Для Корнилова связь 1861 и 1905 гг. была несомненна. Реформа 1861 г. «укрепила крестьянское землевладение и расшатала помещичье, подготовляя неизбежную будущую его экспроприацию путем экономического разорения помещичьих хозяйств; но при этом обусловила и нищету крестьянских хозяйств. Она подготовила образование в будущем демократической структуры поземельных отношений в России; она обусловила трудный и горестный путь для осуществления этого результата».
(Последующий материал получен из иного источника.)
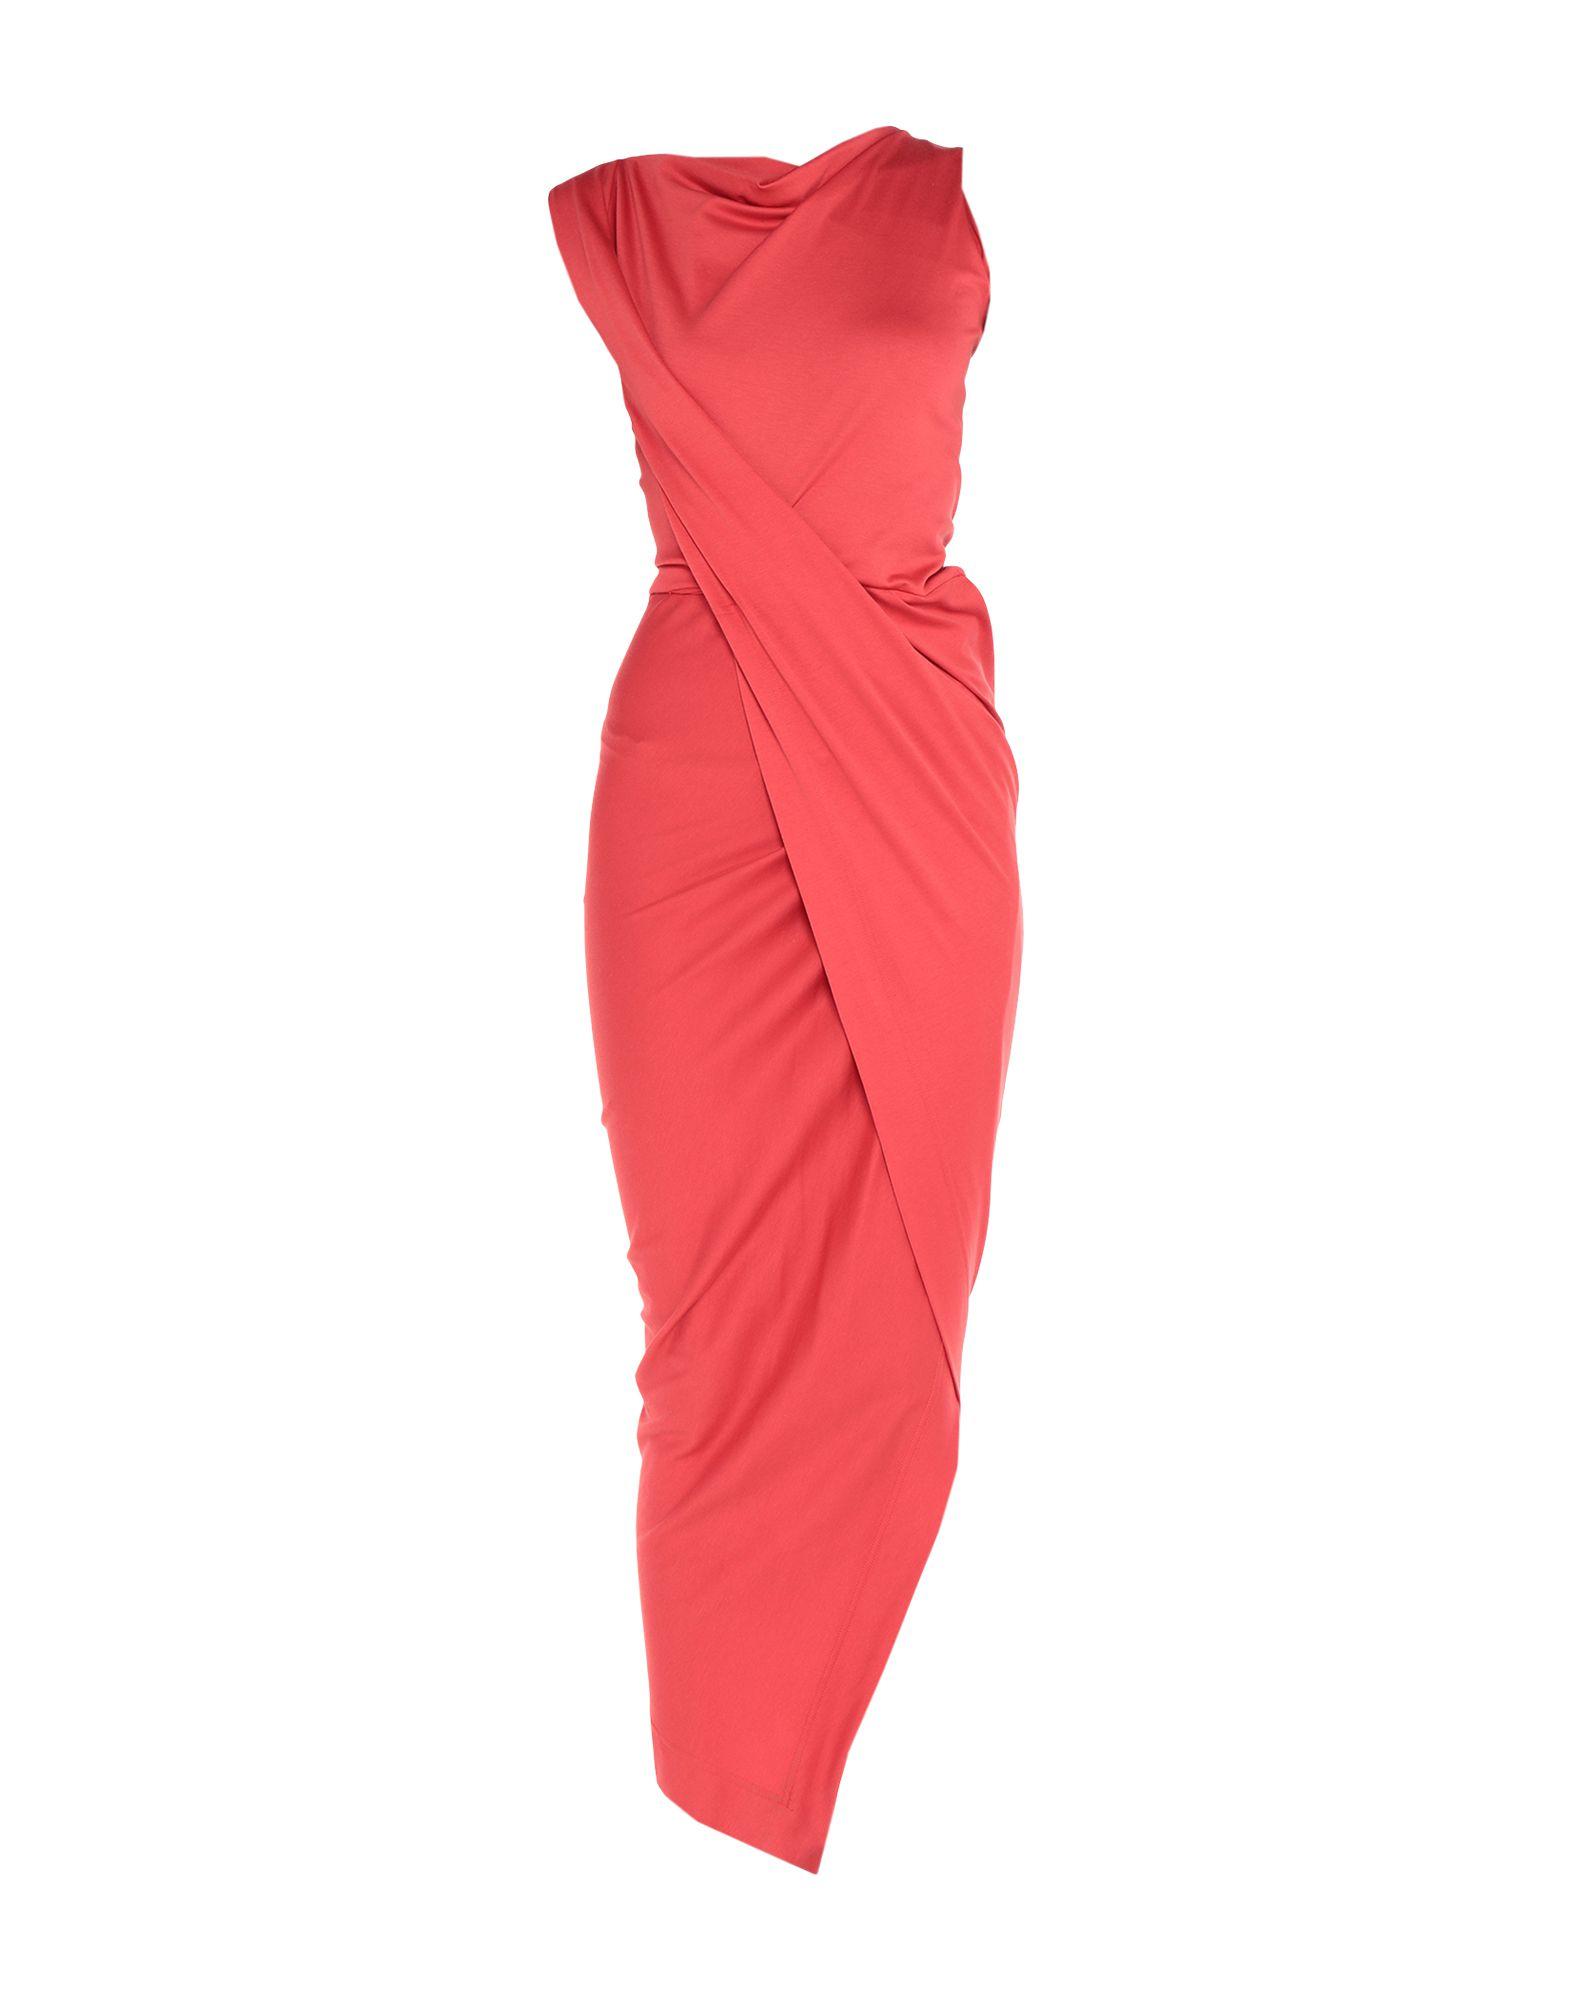 VIVIENNE WESTWOOD ANGLOMANIA Платье длиной 3/4 платье vivienne westwood anglomania vivienne westwood anglomania vi989ewzzq50

В 1912—1914 гг. вышел в свет «Курс истории России XIX века» Корнилова. Второе издание курса появилось уже при советской власти в 1918 г. Он стал первым авторским трудом, посвященным систематическому обзору истории России в XIX в.
До этого русская публика имела возможность познакомиться с коллективным трудом, посвященным XIX в., в подготовке которого для братьев Гранат приняли участие М.Н. Покровский, А.А. Кизеветтер, П.Н. Сакулин. Так, Корнилов и Кизеветтер оказались оппонентами. Кизеветтер, в рецензии на «Курс...» Корнилова подчеркнул преимущества жанра авторской работы. Коллективный труд в его глазах был лишен «той систематической законченности, которая дается лишь единством научного воззрения».
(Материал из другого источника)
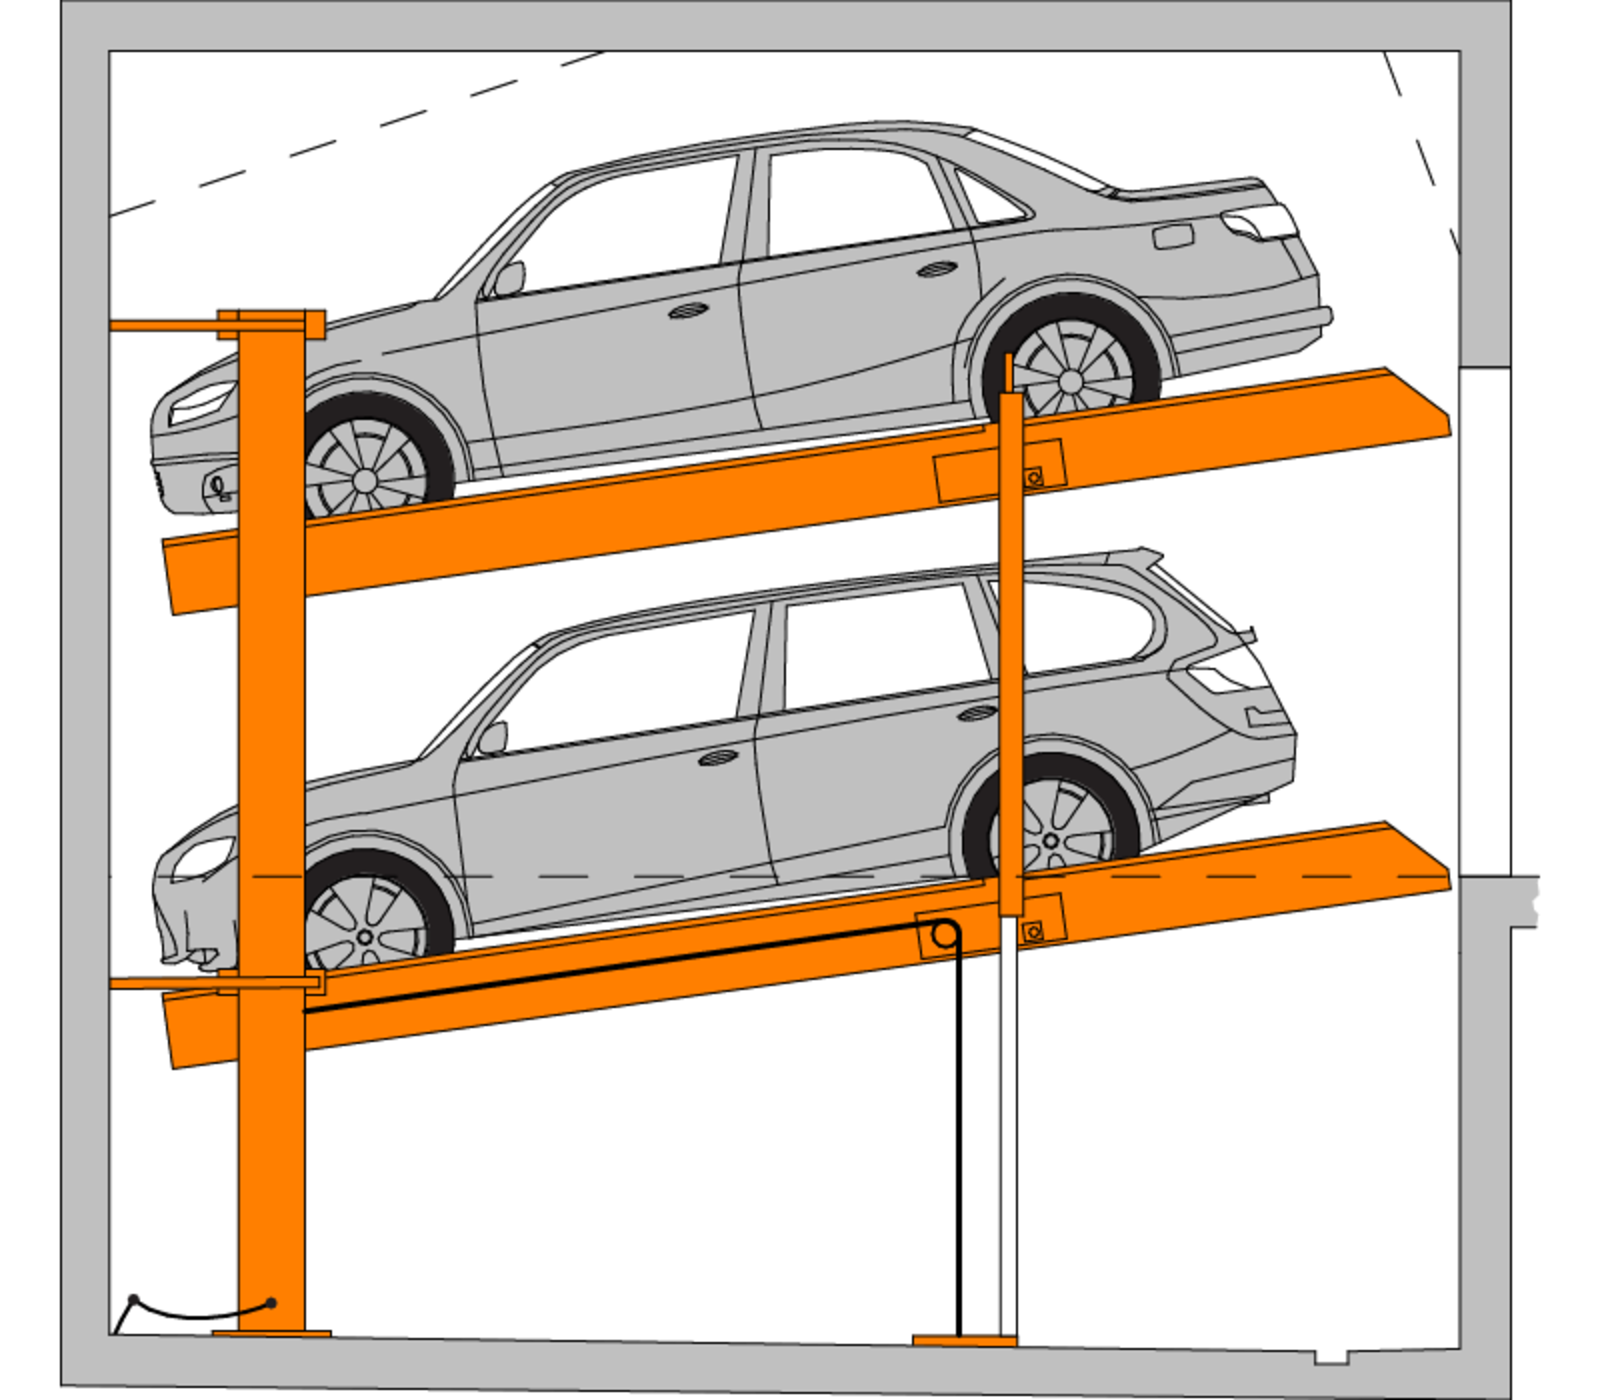 Parking lot clipart underground parking. Multibase i car stacker

Между двумя учеными были принципиальные концептуальные расхождения. Корнилов трактовал русскую историю как процесс постепенного «раскрепощения сословий и смягчения деспотизма верховной власти». Кизеветтер увидел в «Курсе...» Корнилова преимущественное внимание автора к явлениям двух категорий: «Он следит за ходом правительственных мероприятий в связи с общими переменами в направлении правительственной политики и за развитием общественных идеалов в связи с историей литературных течений и политических движений». Не был согласен Кизеветтер и с тем, что свой «Курс истории России в XIX веке» Корнилов начал с царствования Екатерины II. Кизеветтер считал такой подход необоснованным, поскольку в его глазах «екатерининская» Россия есть русская вариация того самого «ancien regime», который на Западе привел к бурному кризису в виде Великой французской революции, а у нас стал разлагаться в форме тягучего «лизиса», который и растянулся на весь XIX в., да не закончился еще и в первом десятилетии XX в. Этот «старый порядок» окончательно оформившийся и закрепившийся у нас именно под скипетром Екатерины II, состоял, как и на Западе, в соединении политического абсолютизма с социальными привилегиями землевладельческого дворянства». Такой взгляд на значение екатерининской эпохи представлялся Корнилову «совершенно поверхностным и неверным»: «В нем важную роль играет, я думаю, увлечение критикой деяний и роли самой великой императрицы с предвзятой народнической точкой зрения столь же тенденциозной, как и точка зрения марксистов».
В юности отец познакомил Корнилова с братьями знаменитого анархиста Михаила Бакунина помещиками Тверской губернии П.А. и А.А. Бакуниными. С 1904 г. Корнилов разби-
рал их семейный архив, насыщенный обширной документацией о духовной жизни дворянской интеллигенции первой половины XIX в. Станкевича, Белинского, Боткина, Тургенева. Изучая документы, историк задумал написание биографии М.А. Бакунина. Однако но ходу работы ее жанр претерпел изменения. В итоге появилось оригинальное культурно-историческое исследование, в котором архивный материал служил концептуальным целям. Анализ конспектов Бакунина позволил Корнилову сделать вывод о том, что в 1837 г. Бакунин, впервые обратившись к Гегелю, «выхватил» из этой философии наиболее оптимистические положения. Публикация документов усиливала звучание концепции автора. Однако работа была прервана в годы Первой мировой войны, поскольку историк активно занялся политической жизнью. Соображениями о тактических расхождениях кадетов с Прогрессивным блоком Корнилов поделился в брошюре « Парламентский блок», опубликованной в 1915 г.